[INFORMATION PROVIDED]:
━━━━━━

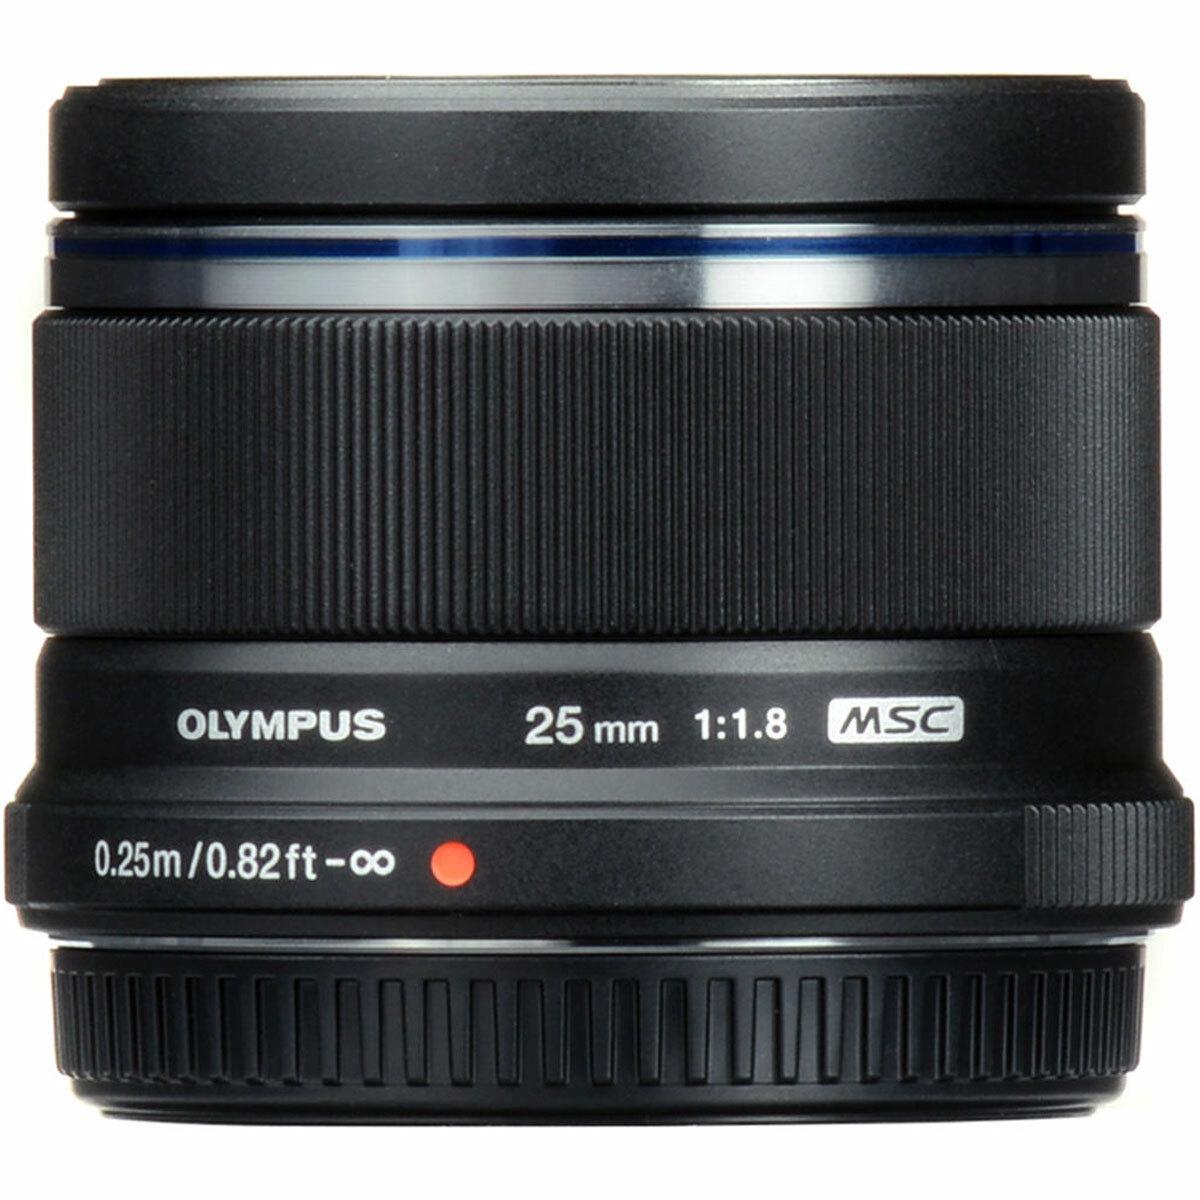 Olympus M.Zuiko Digital 25mm f1.8 Lens 00050
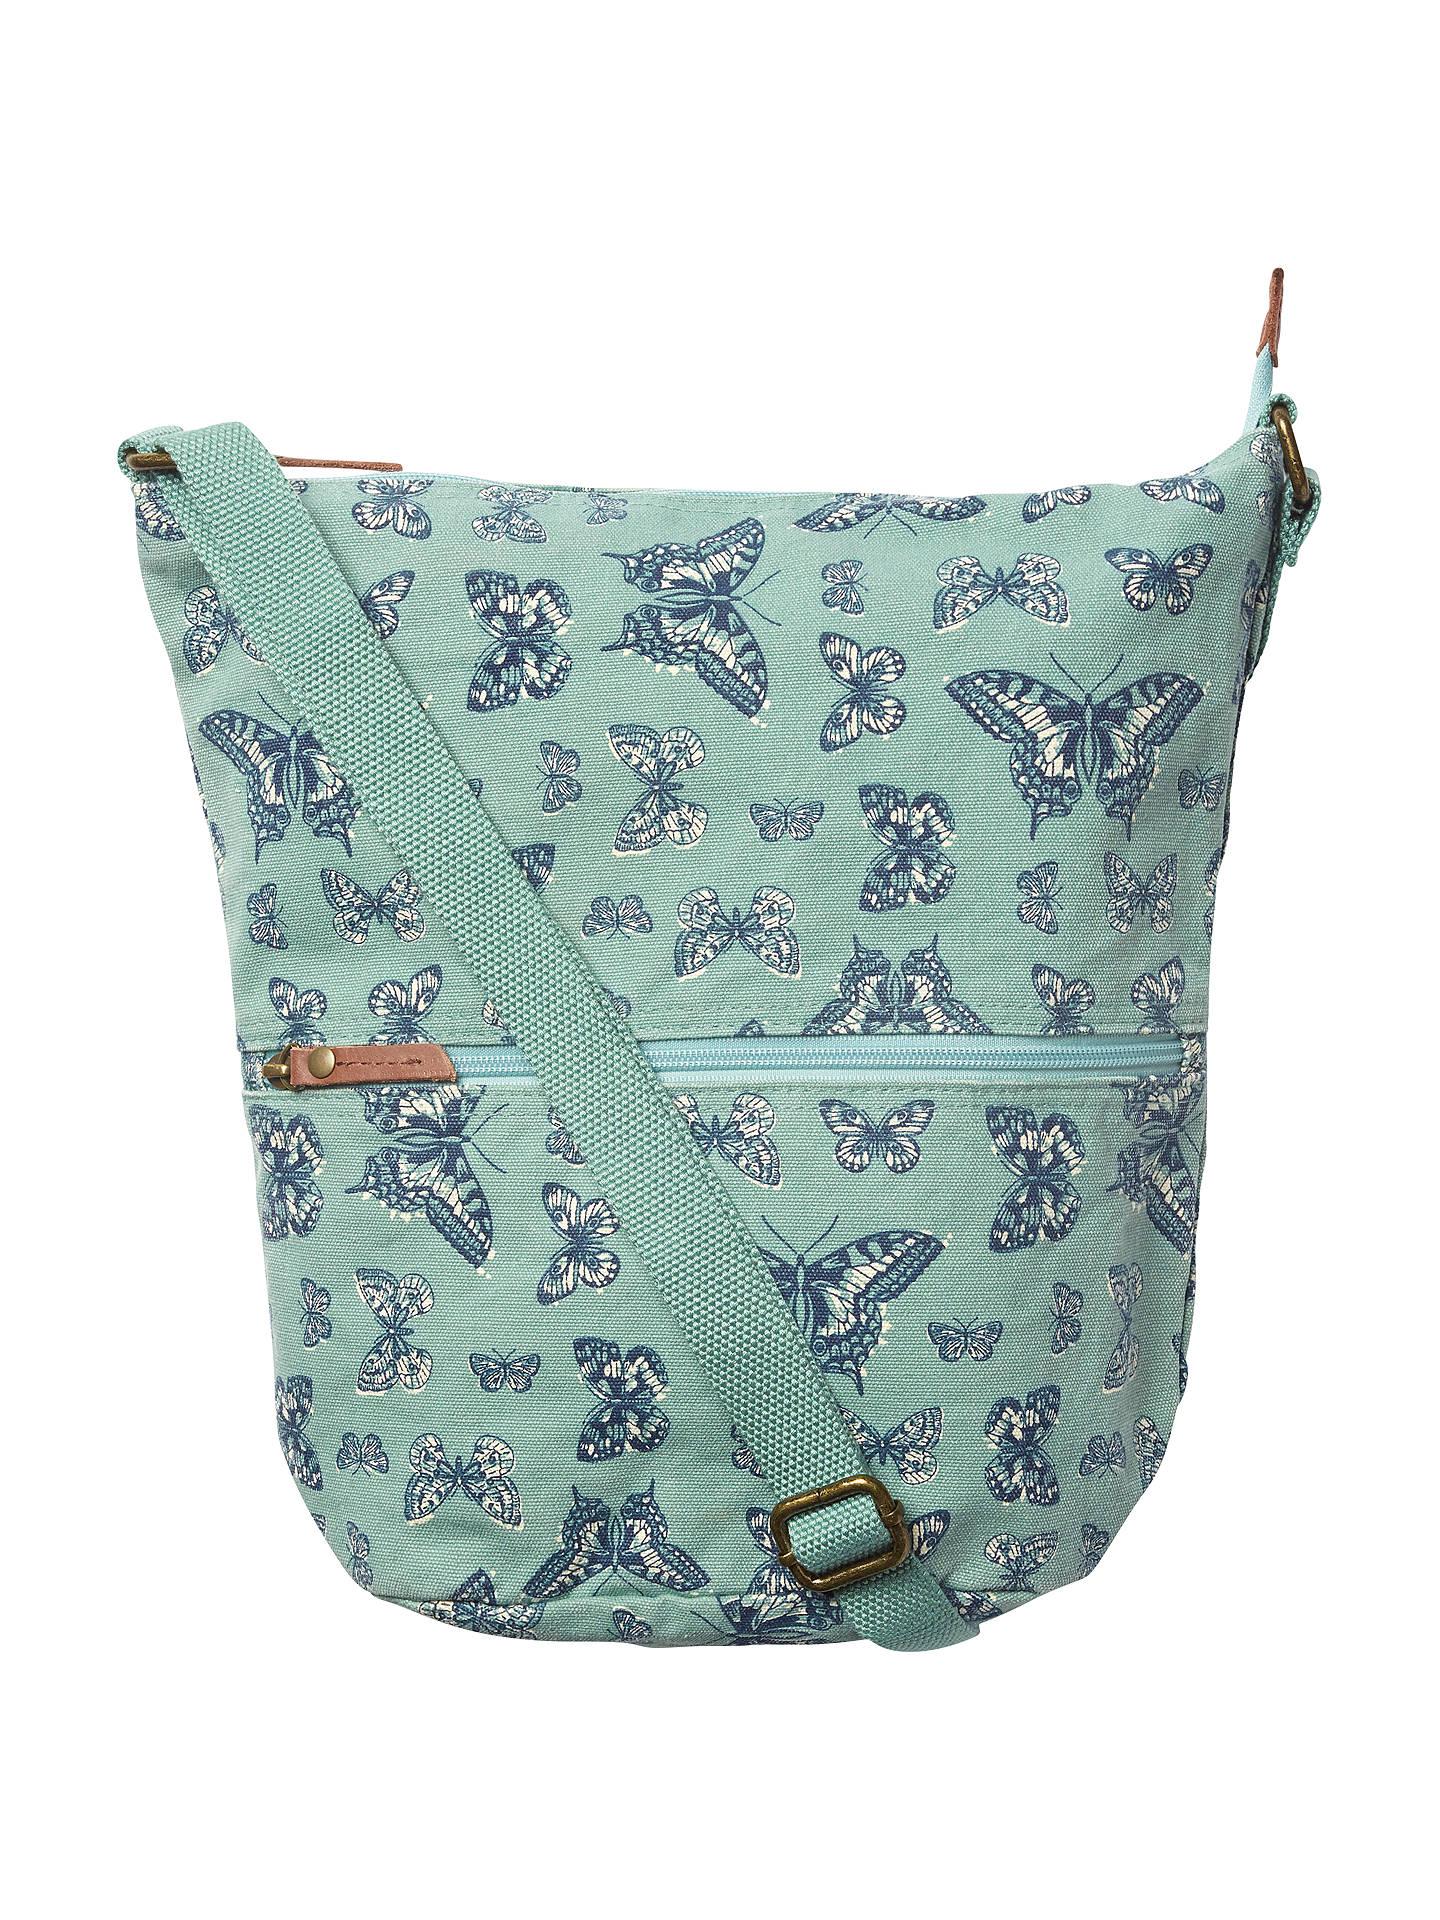 643a81d7b8f7 Buy Fat Face Mini Butterfly Canvas Cross Body Bag, Green Online at  johnlewis.com ...
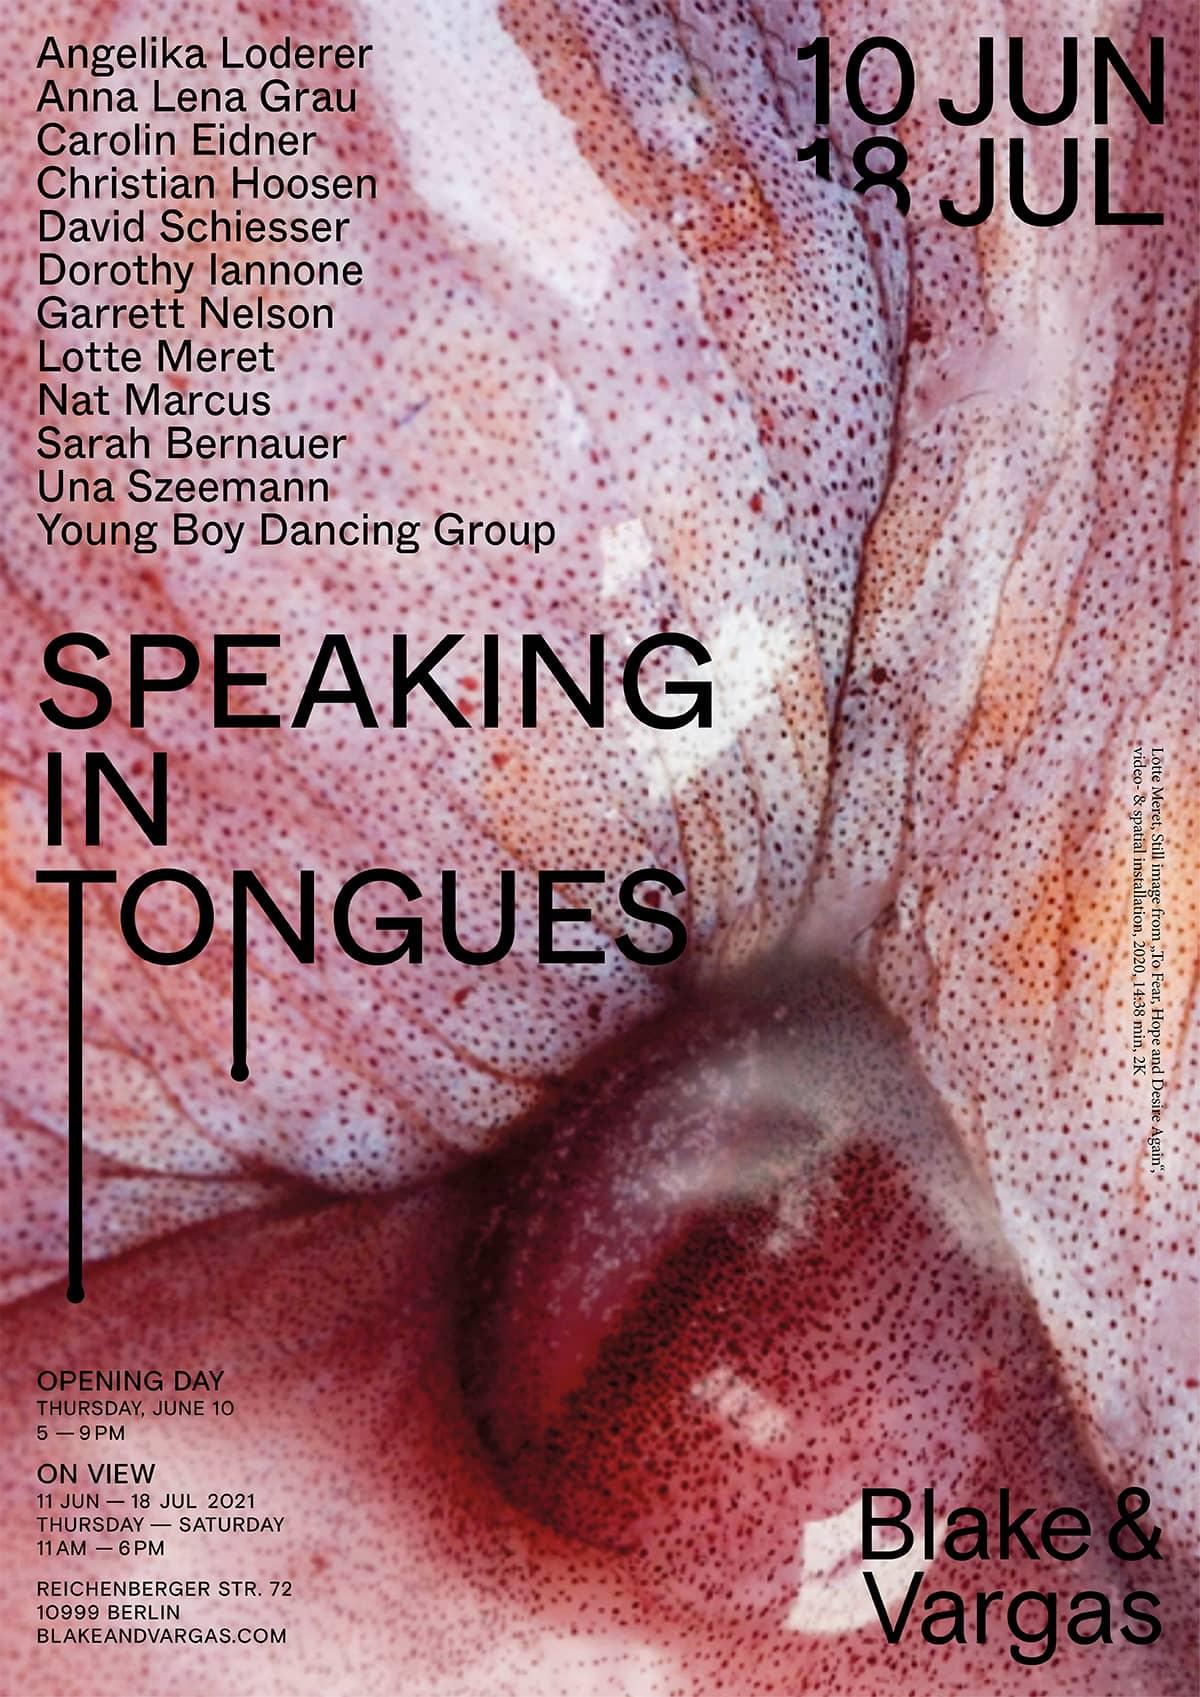 Speaking in Tongues at Blake and Vargas Studio Matthias Last 4

━━━━━━

[REQUIREMENT]:
Repeat all the material exactly, but keep pictures out of the copy.

[ANSWER FOR THE TASK]:
 Olympus M.Zuiko Digital 25mm f1.8 Lens 00050
 643a81d7b8f7 Buy Fat Face Mini Butterfly Canvas Cross Body Bag, Green Online at  johnlewis.com ...
 Speaking in Tongues at Blake and Vargas Studio Matthias Last 4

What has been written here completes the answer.